- About this task
Only the lines from the one containing "Free Men's Sweatshirt Mockup" through the final line below belong in the output, copied exactly and without pictures.

- Data shown
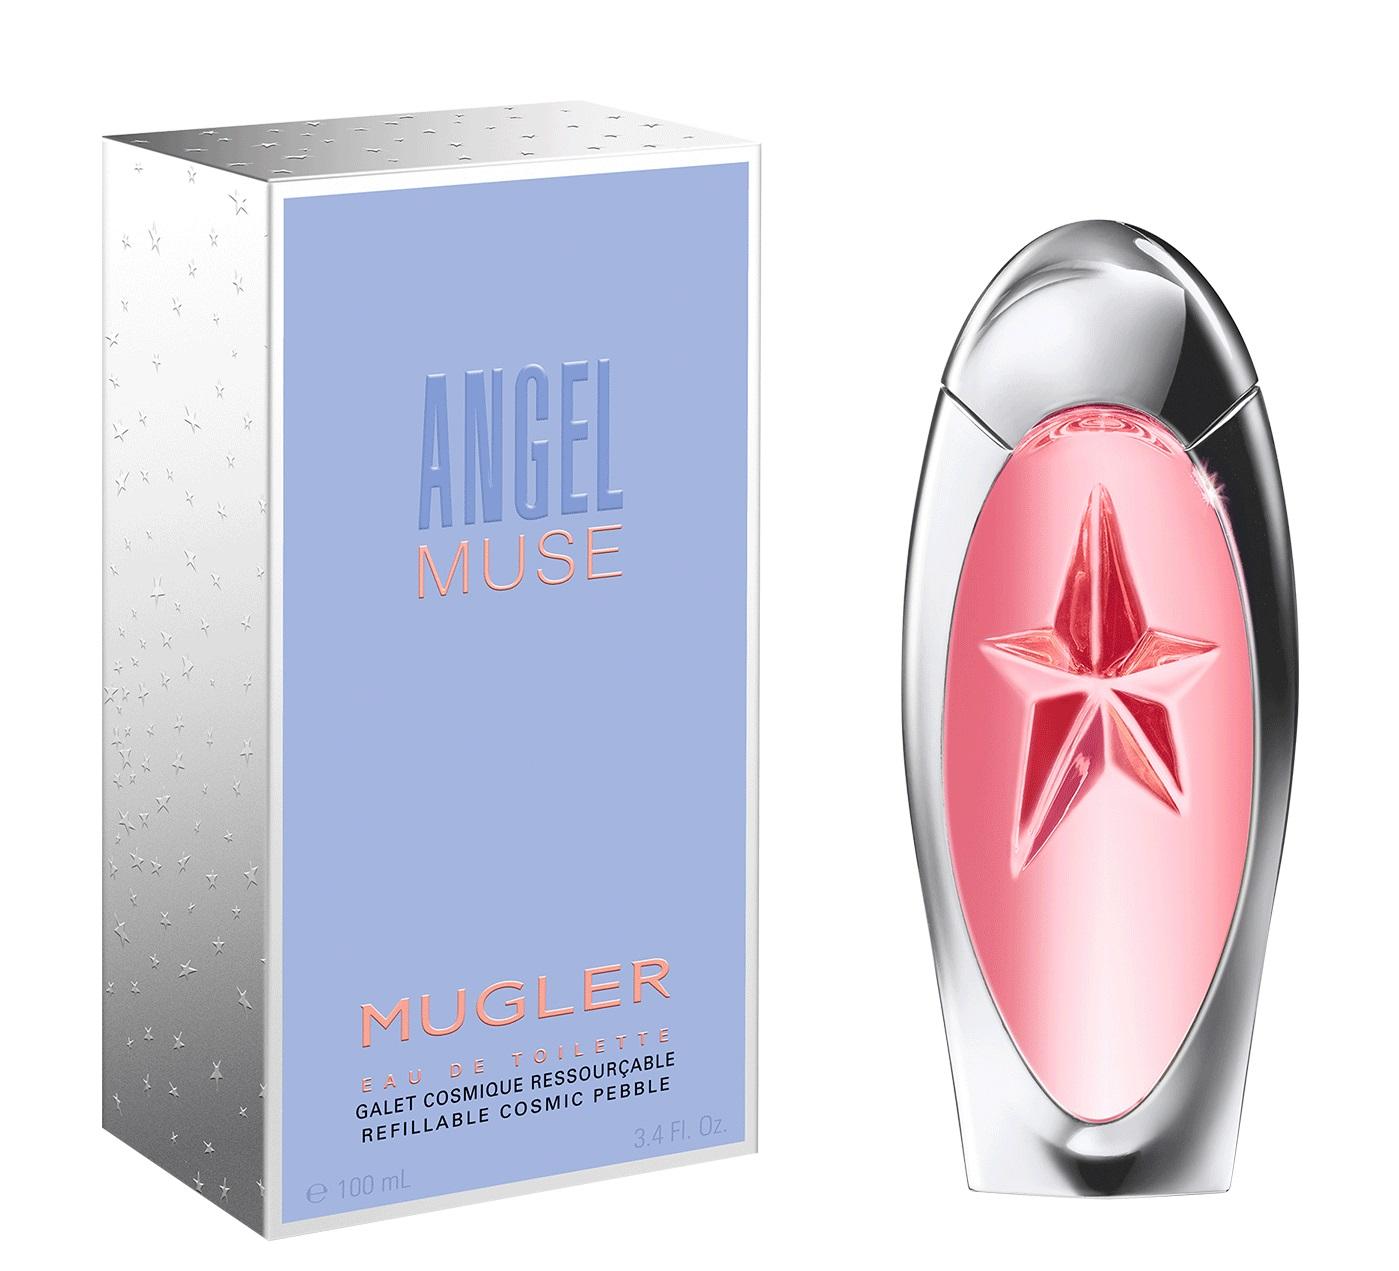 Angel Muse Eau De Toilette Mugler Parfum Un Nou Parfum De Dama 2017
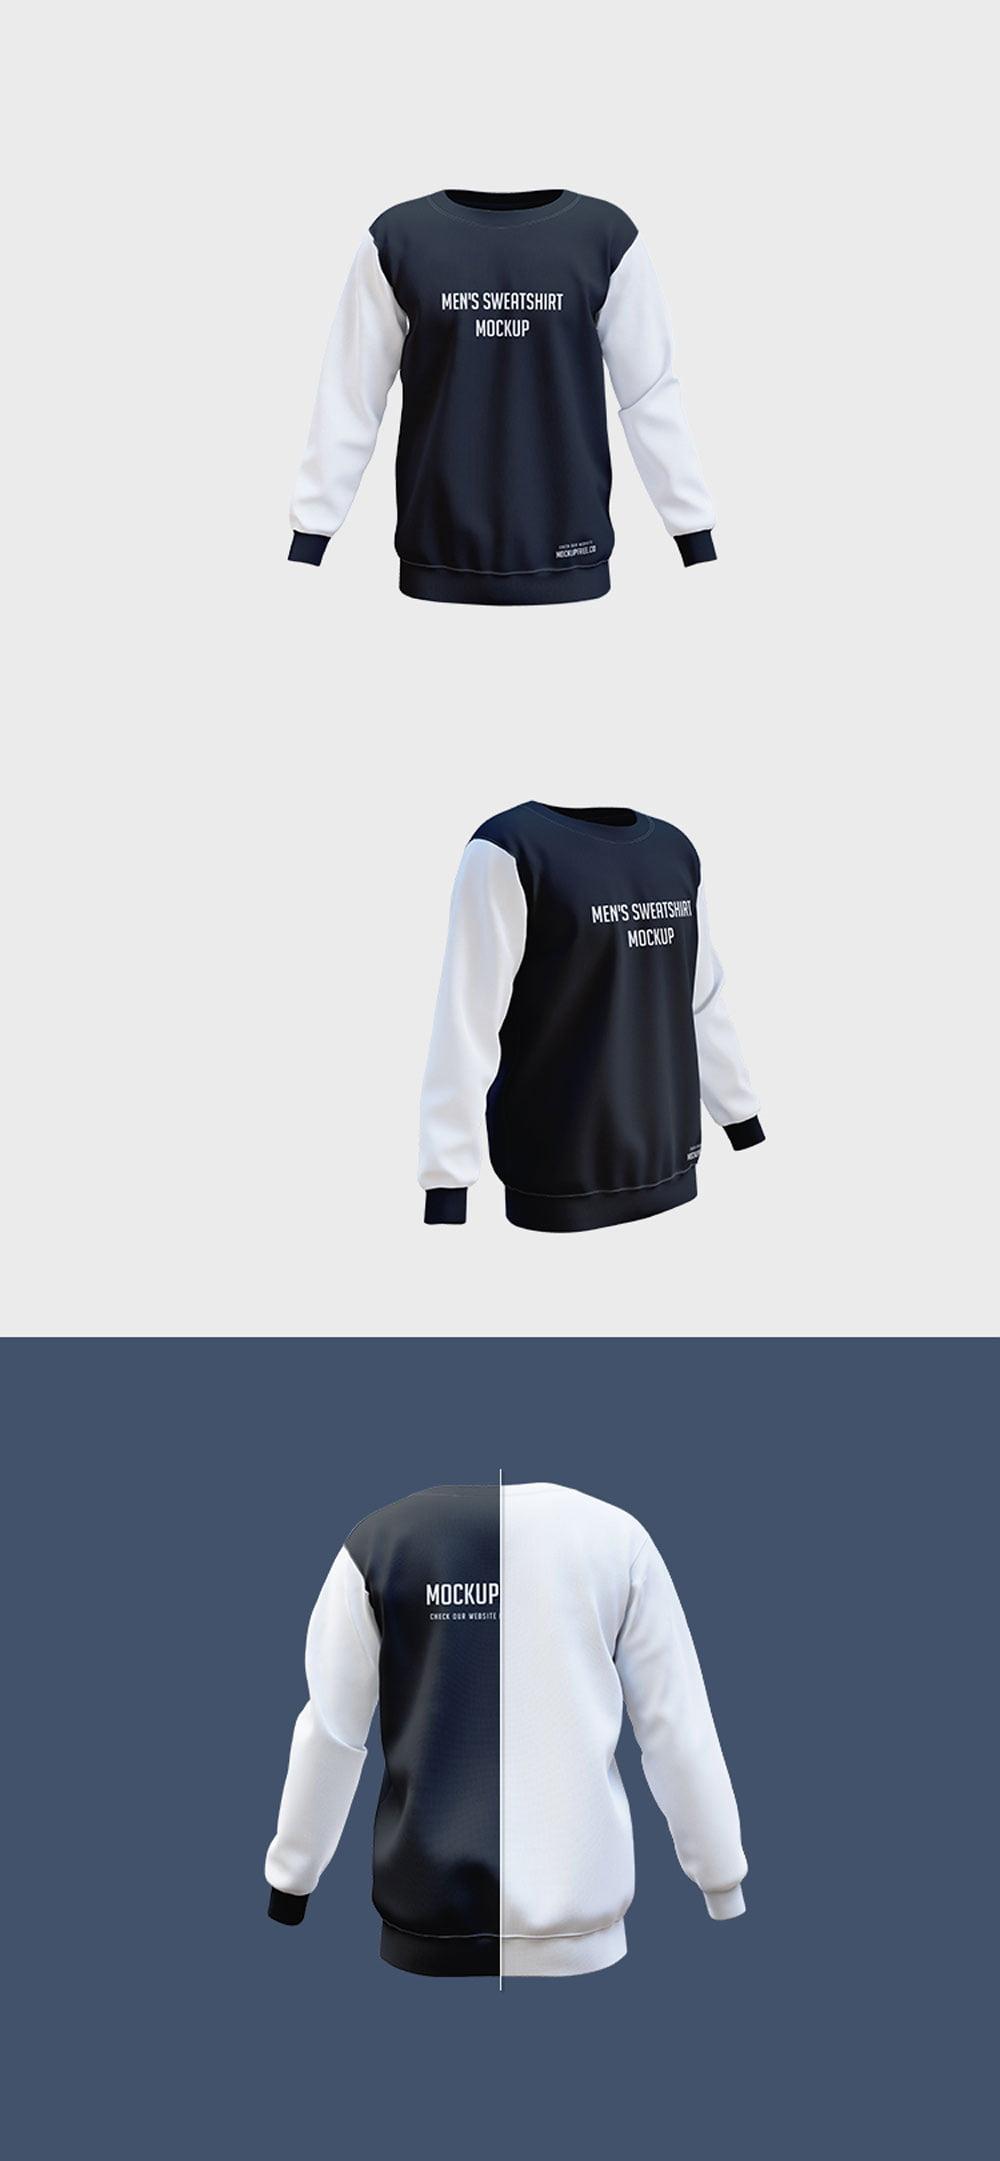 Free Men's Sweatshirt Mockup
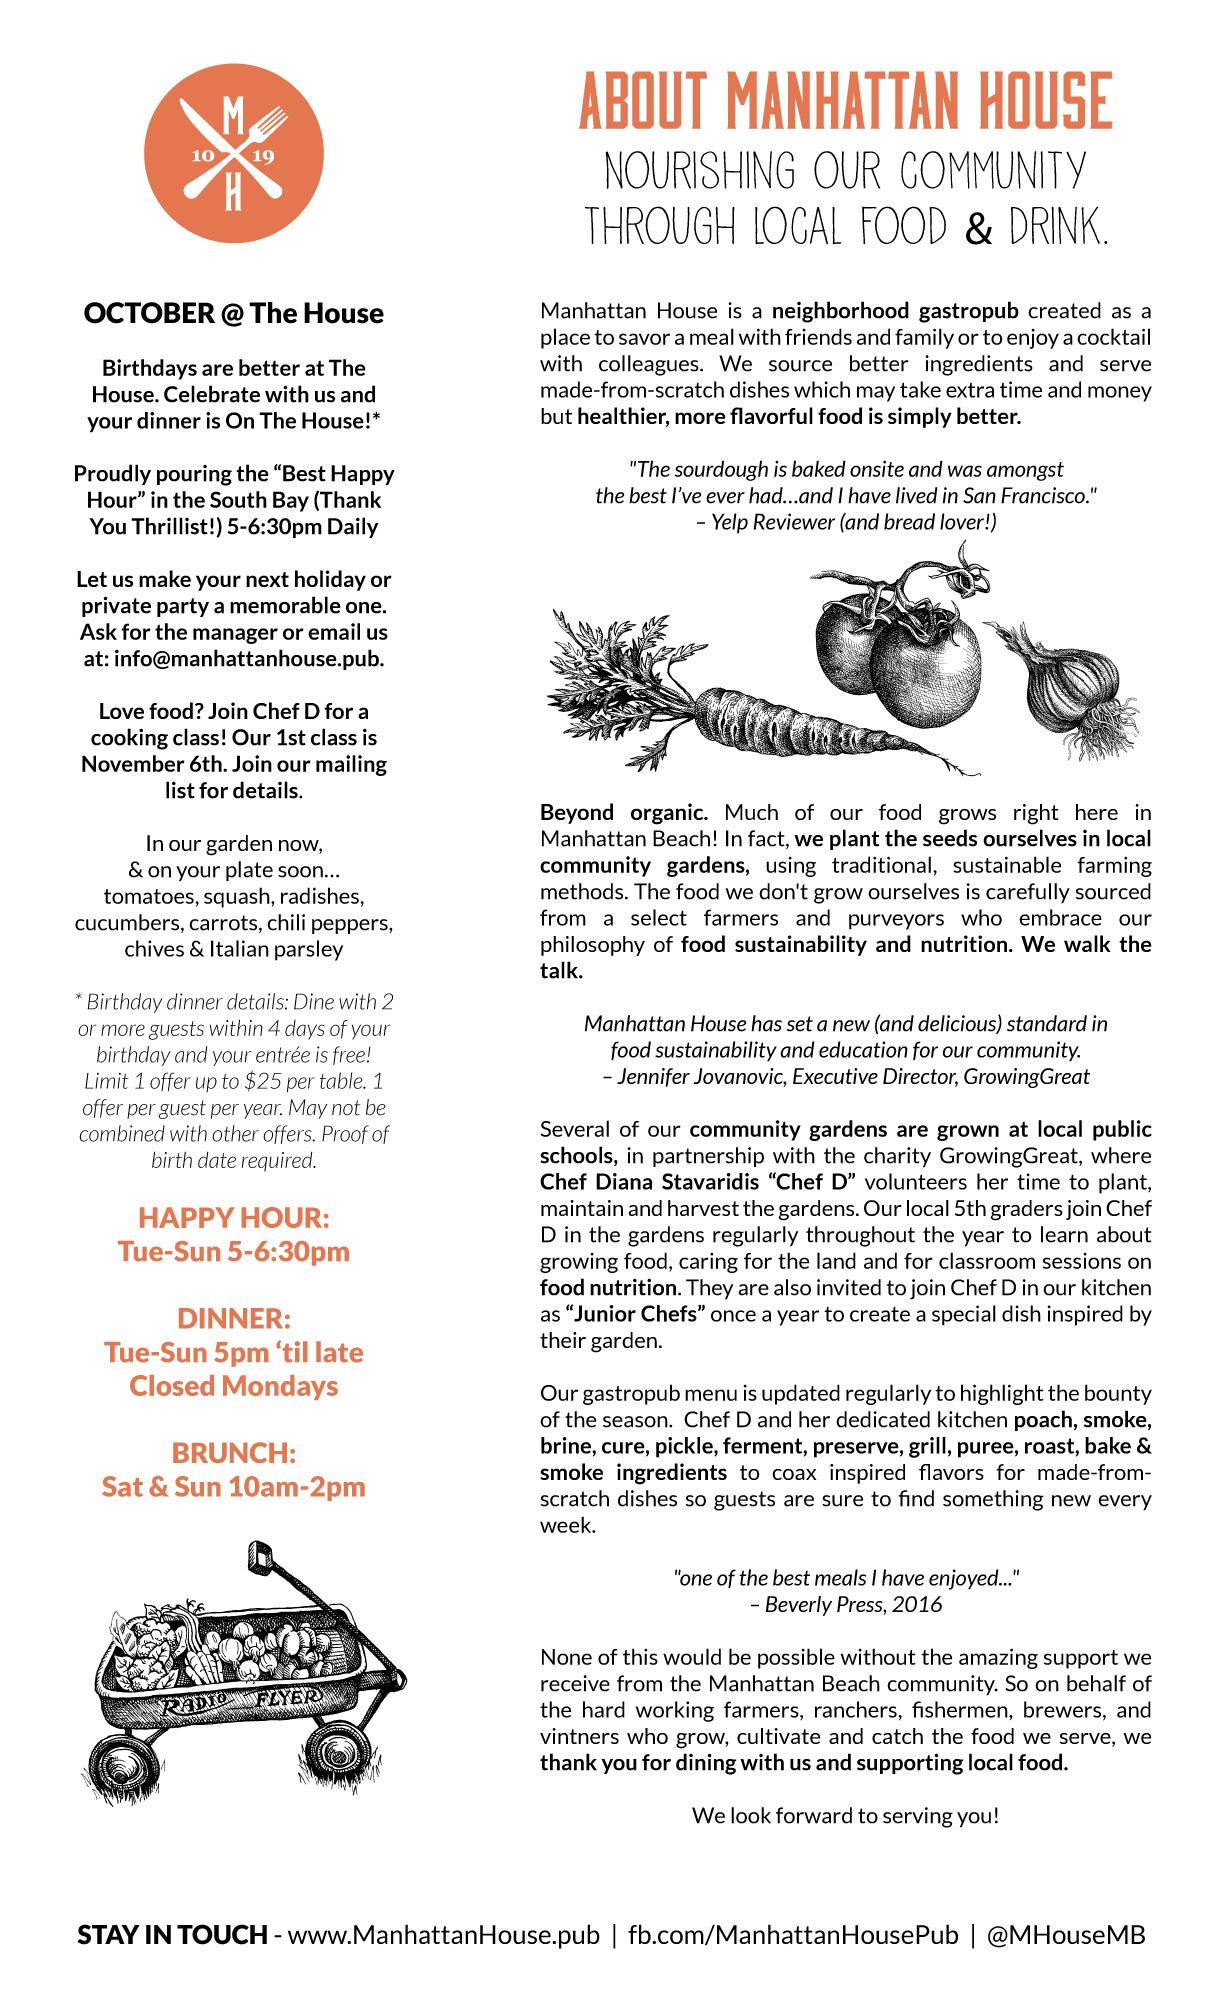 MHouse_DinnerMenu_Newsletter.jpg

- Solution to this problem
 Free Men's Sweatshirt Mockup
 MHouse_DinnerMenu_Newsletter.jpg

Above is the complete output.